How to use Nmap NSE Scripts to find Vulnerabilities - 8 min read

Find Vulnerabilities, Nmap has a lot of features and one of them is a built-in script interpreter called NSE Nmap Scripting Engine.

Nmap is one of the most used and best port scanning tools that exist and is the favorite for many people including for me. But Nmap is not only a port scanner, but this tool is also much more and has so many features. In this article, we highlight the Nmap Script Engine (NSE). Nmap has a lot of features, and one of them is a built-in script interpreter called NSE “Nmap Scripting Engine” Nmap stands for “Network Mapper


Nmap scripts can be used for:

  • Vulnerability detection.
  • Vulnerability exploitation.
  • Backdoor detection.
  • Network discovery.
  • More sophisticated and accurate OS version detection.

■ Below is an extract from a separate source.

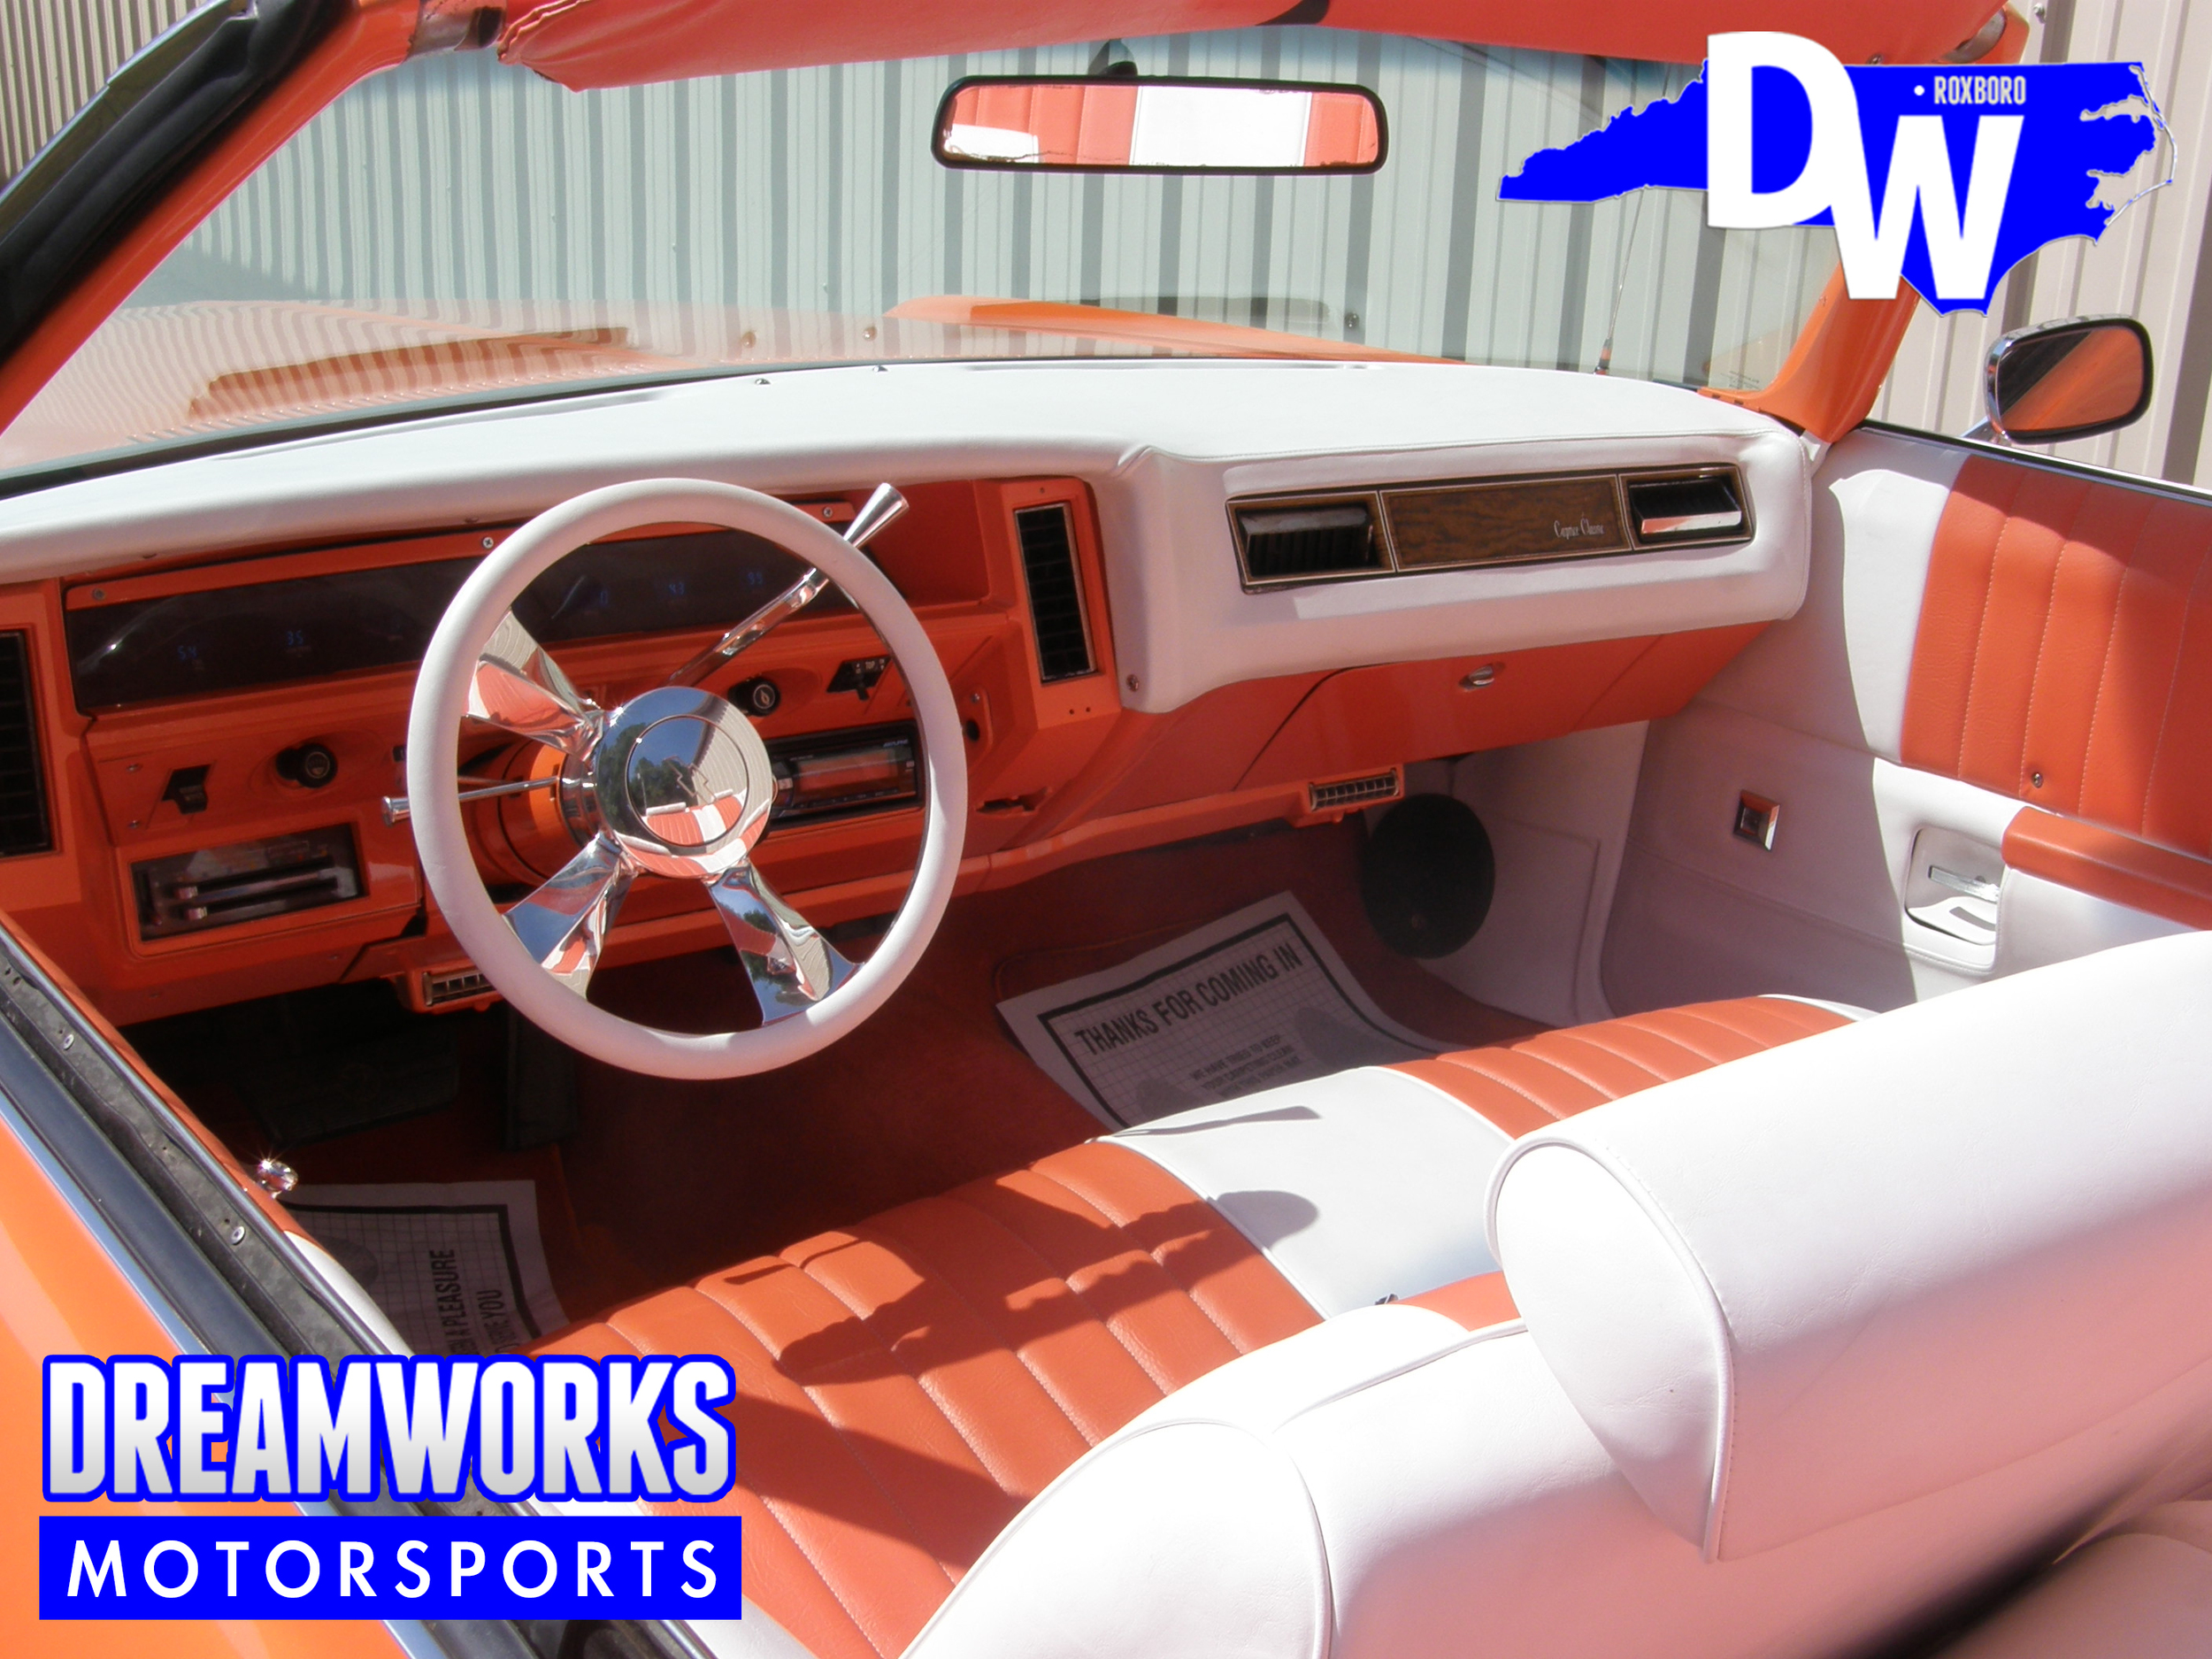 75-Chevrolet-Caprice-DUB-Dreamworks-Motorsports-5.jpg

Before we move any further, take a look at these points:

  • Do not execute scripts from third parties without critically looking through them or only if you trust the authors. It’s highly recommended that you do this with every script before you use it. First of all, it’s a good start for your own safety and furthermore it will help you to understand how the script is made and the scripting language used to make it.
  • Many of these scripts may possibly run as either a prerule or postrule script. The current standard to choose between a “prerule” or a “postrule” is this: If the script is doing host discovery or any other network operation then the “prerule” should be used. “Postrule” is reserved for reporting of data and statistics that were gathered during the scan.
  • Nmap uses the script.db database to figure out the available default scripts and categories.

Install Nmap on Windows

Nmap is available in several versions and formats. Recent source releases and binary packages are described in the download page of the software.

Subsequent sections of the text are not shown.